Perhaps the most traditional approach towards budgeting is incremental budgeting. It starts the budgeting process with historic or past data, analyzes the variances, and makes adjustments for the future period.

Apart from variances in previous budgets, any allocations for inflation in costs are also adjusted. As with any traditional budgeting approach, incremental budgeting is also prepared for yearly budgets.

It’s a more static or rigid approach in nature, which calls for the achievement of targets within the set parameters or allotted resources.
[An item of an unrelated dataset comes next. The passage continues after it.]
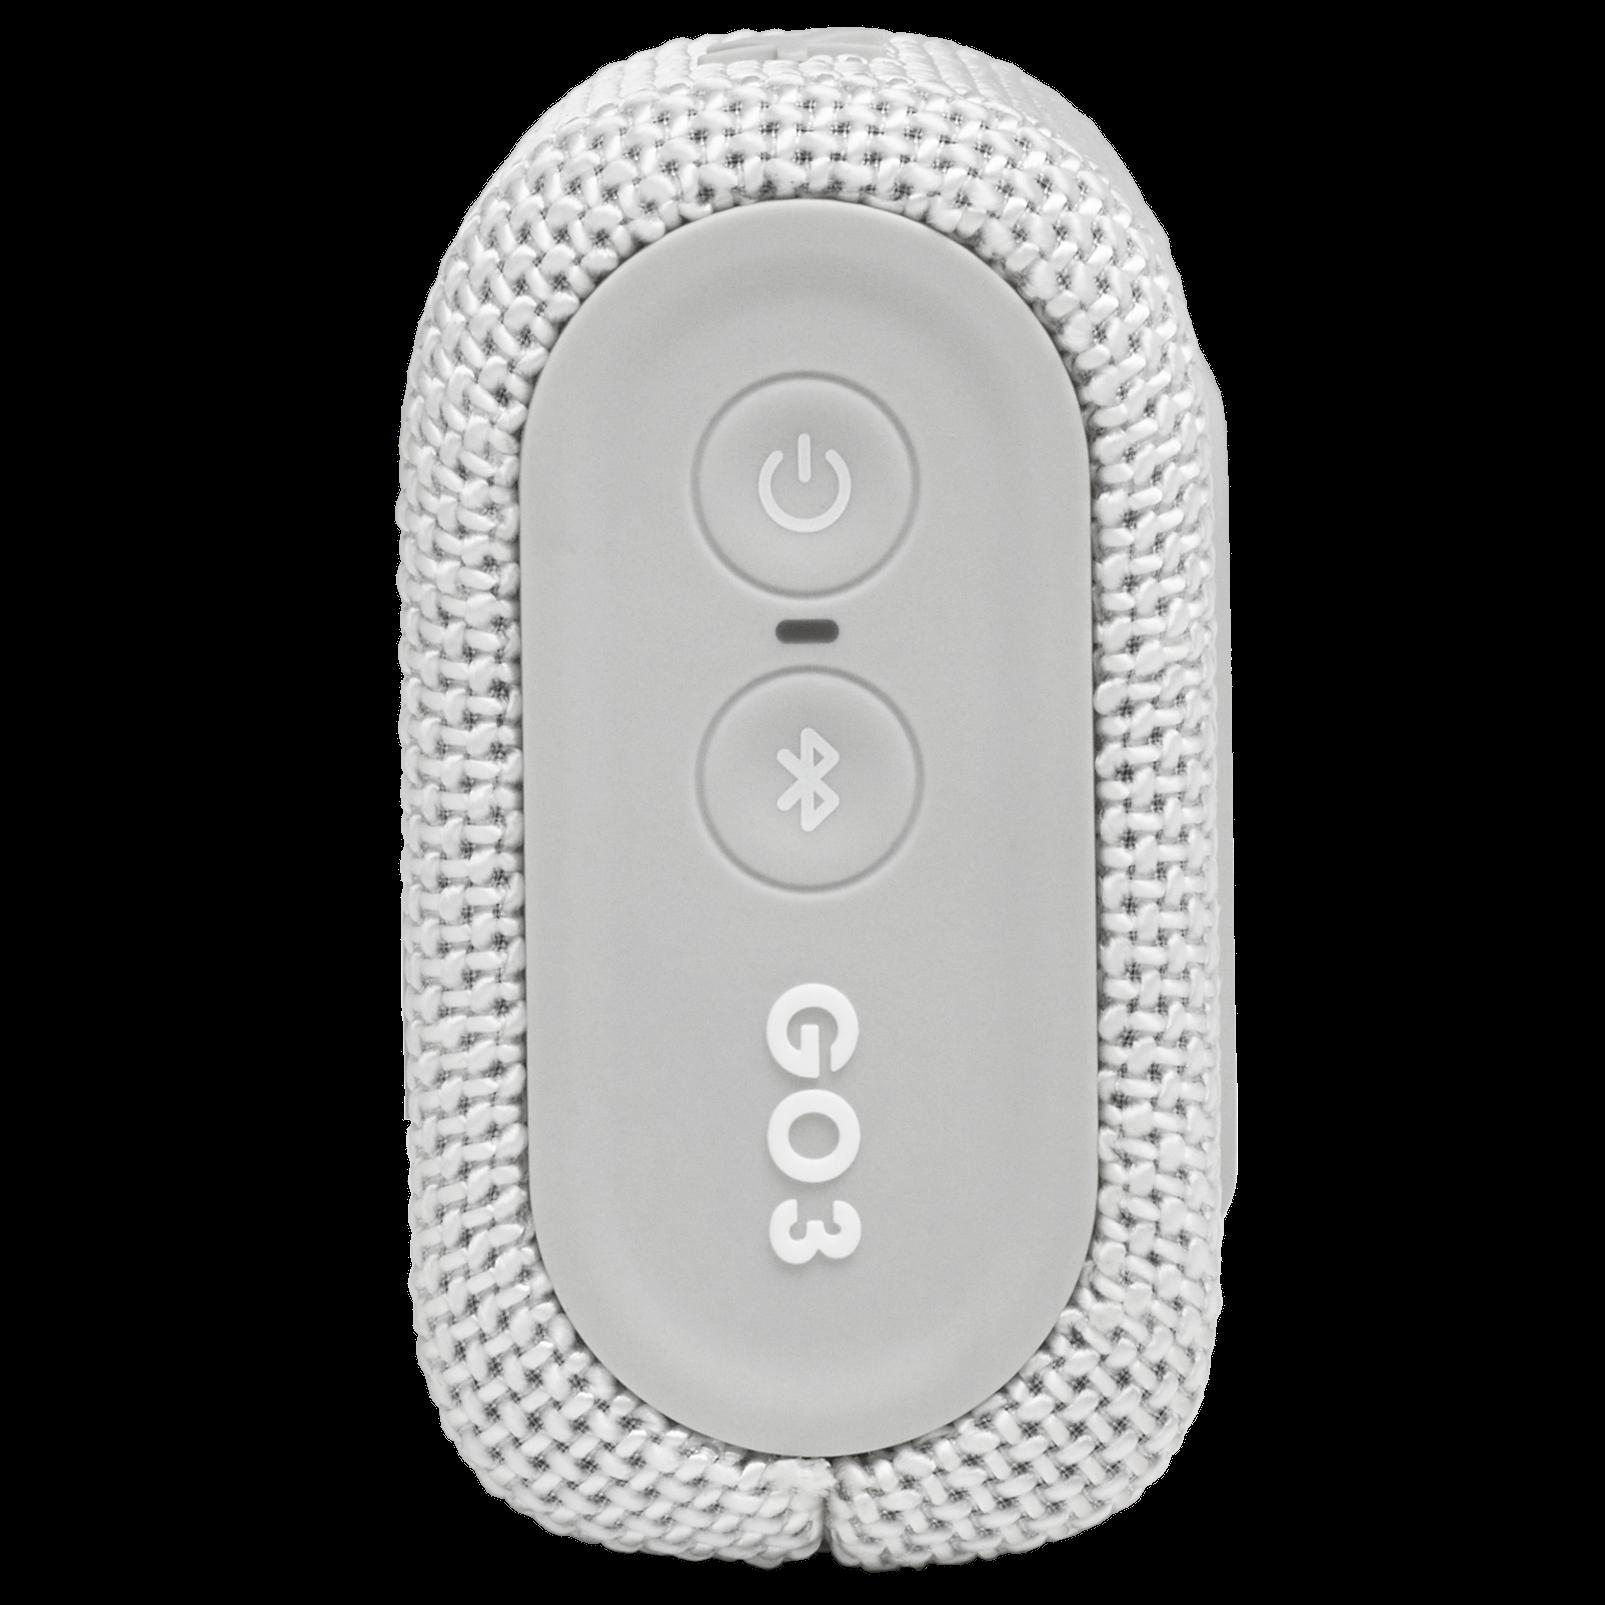 JBL GO 3 - White - Portable Waterproof Speaker - Right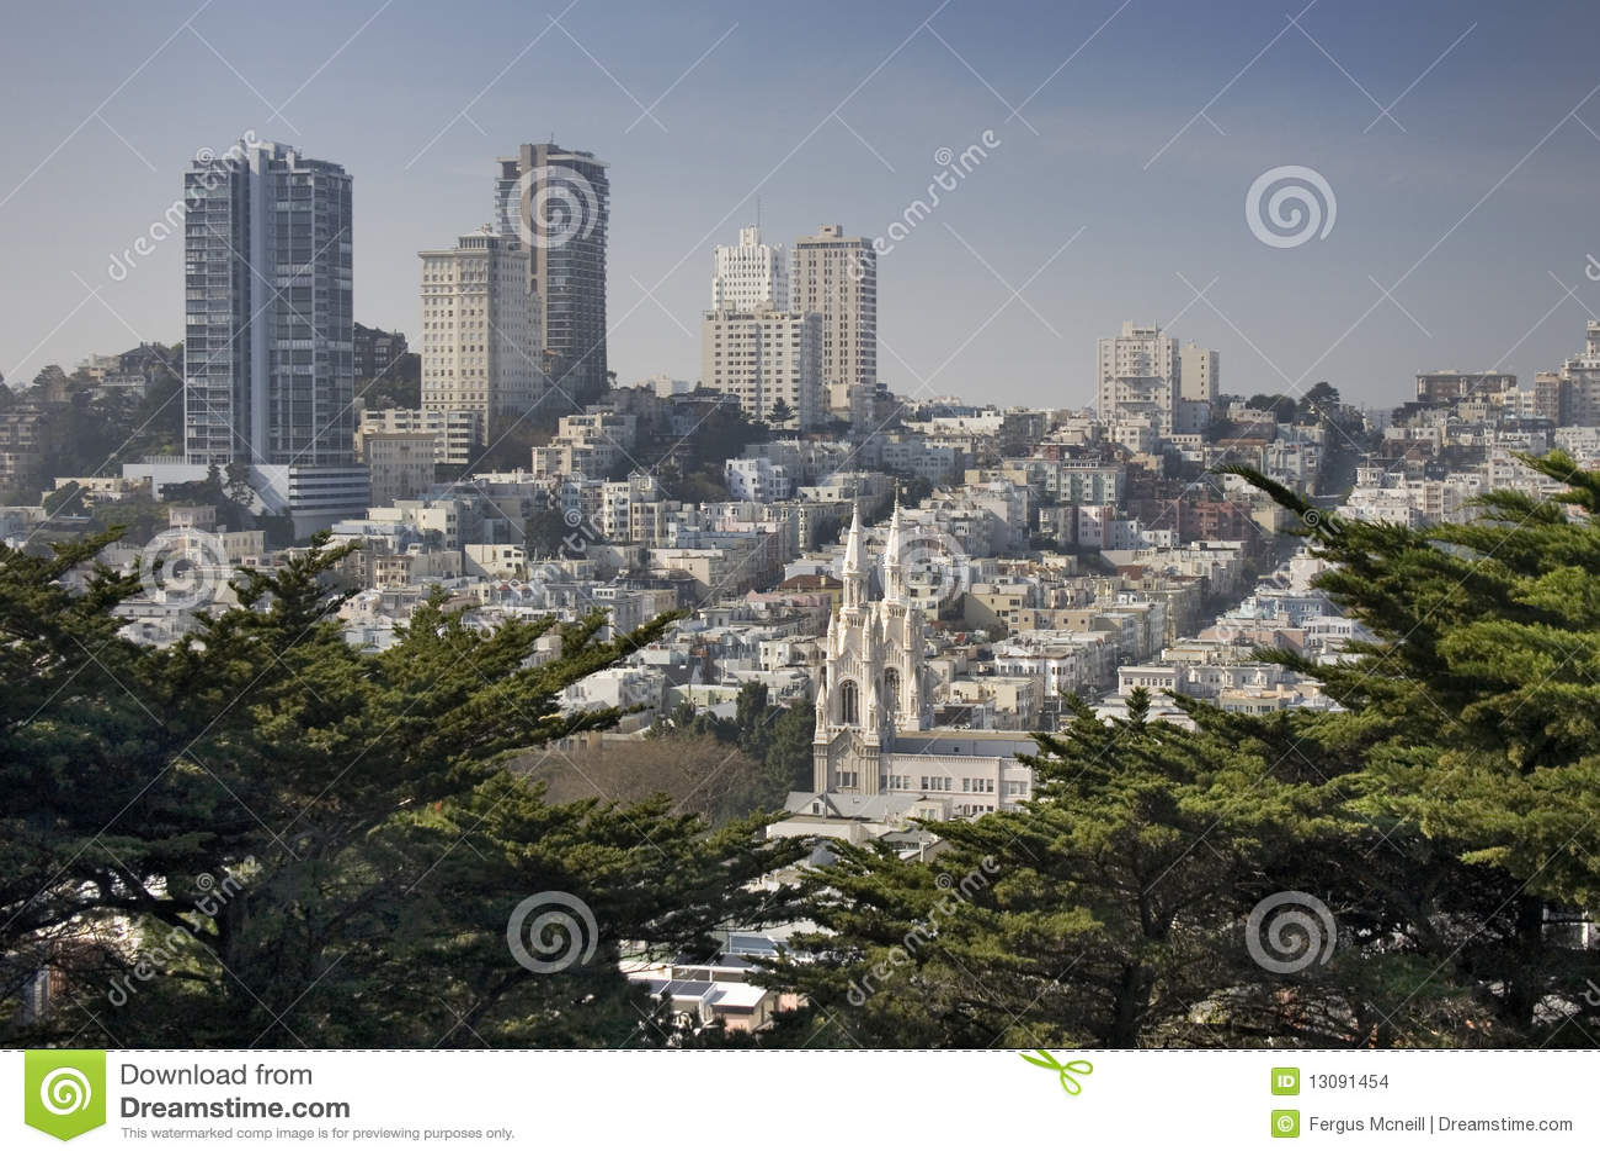 Superb Russian Church San Francisco #1: Russian-hill-san-francisco-13091454.jpg

As historic forms the basis of incremental budgeting, it may be difficult to apply for new businesses or unique projects without past data.

Working Example:

Suppose Blue Water Co. produces two products P1 (500 units) and P2 (350 units). The total costs of production for last year were $ 650,000. Estimating 70% variable costs and 30% fixed costs.

Product P1 consumed 60% of the variable costs and P2 consumed 40%. The management is planning for next year budget with additional information:

  • All costs will rise by 3% due to inflation
  • Operational efficiency levels are likely to remain the same
  • Increased production is estimated as: P1 = 650 units and P2 = 400

Required: for product P2 the variable costs for the next budget with incremental budgeting approach.

Solution:

Previous Year costs: Variable Costs = 70% × 650,000 = $ 455,000.

Portion of Product P2 for variable Costs = 40% × 455,000 = $ 182,000.

Cost per unit for P2 = (182,000 ÷ 350) = $ 520.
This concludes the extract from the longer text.